Вручив подарки, молодой мурза легко поднялся на коня и произнес:
— Несравненный Джабар повелел невольникам принести к полудню достархан с заморскими винами и кушаньями.
После этих слов мурза почтительно наклонил голову, затем развернул коня, гикнул, взмахнул плеткой и помчал к шатру Джабара.
— Вот уж чего не чаял, — разглядывая икону, задумчиво молвил Неждан Иванович. — Тоже бесценный дар. И ведь кем прислан? Татарином!
— Возвратил то, что украдено из русского храма. Весьма необычный этот царевич.
— Необычный, — задумчиво поддакнул Корзун.

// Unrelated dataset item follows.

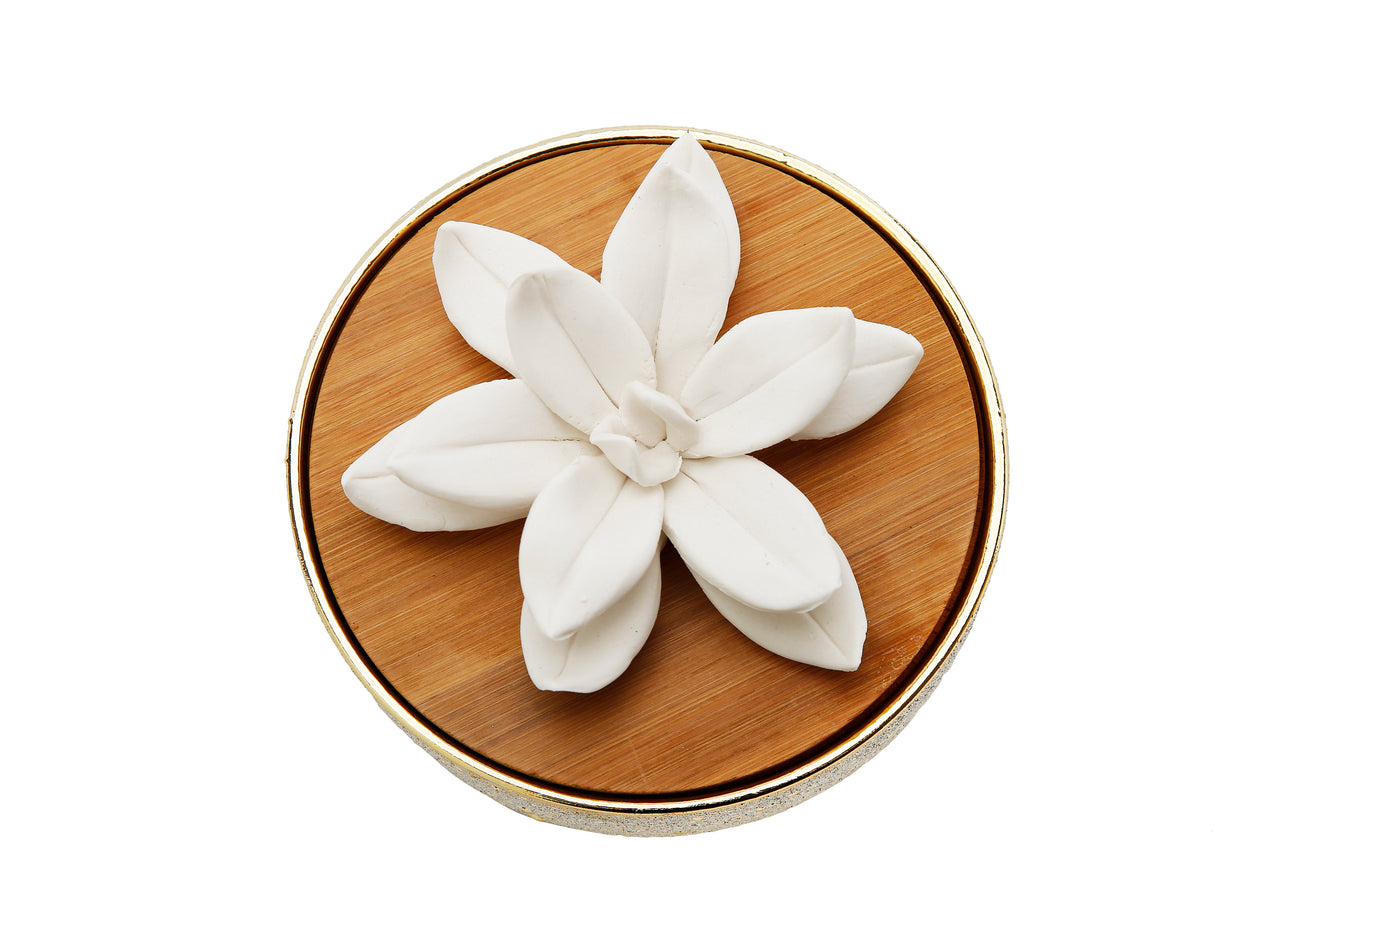 Gold Hemispheric Shaped Diffuser with White Flower, “Lily of the Valley” aroma

Перед самым полуднем появились четверо невольников с обеденным достарханом. Среди них оказался и раб Изай с неизменной серьгой в левой мочке приплюснотого уха. Невольники по очереди вносили вина и кушанья. Последним в шатер вошел Изай и, глянув острыми глазами на Корзуна, тихо сказал:
— Царевич Джабар завтра утром будет охотиться на сайгаков. Если боярин пожелает, то может присоединиться к царевичу.
— В каком месте, Изай? — порывисто подался к невольнику Неждан Иванович.
— В четырех верстах, подле двух карагачей.
— А князь разве на охоту не приглашен? — с некоторым удивлением спросил Борис Василькович.
— Князя пригласит на охоту великий хан Сартак.
Изай переломился в поясном поклоне и вышел из шатра.
Порывистый шаг боярина к невольнику не остался не замеченным Борисом Васильковичем.
— Почему ты так возбужденно встретил известие об охоте, Неждан Иванович?
— Возбужденно?.. Надоело сидеть в шатре, вот и разутешился, княже.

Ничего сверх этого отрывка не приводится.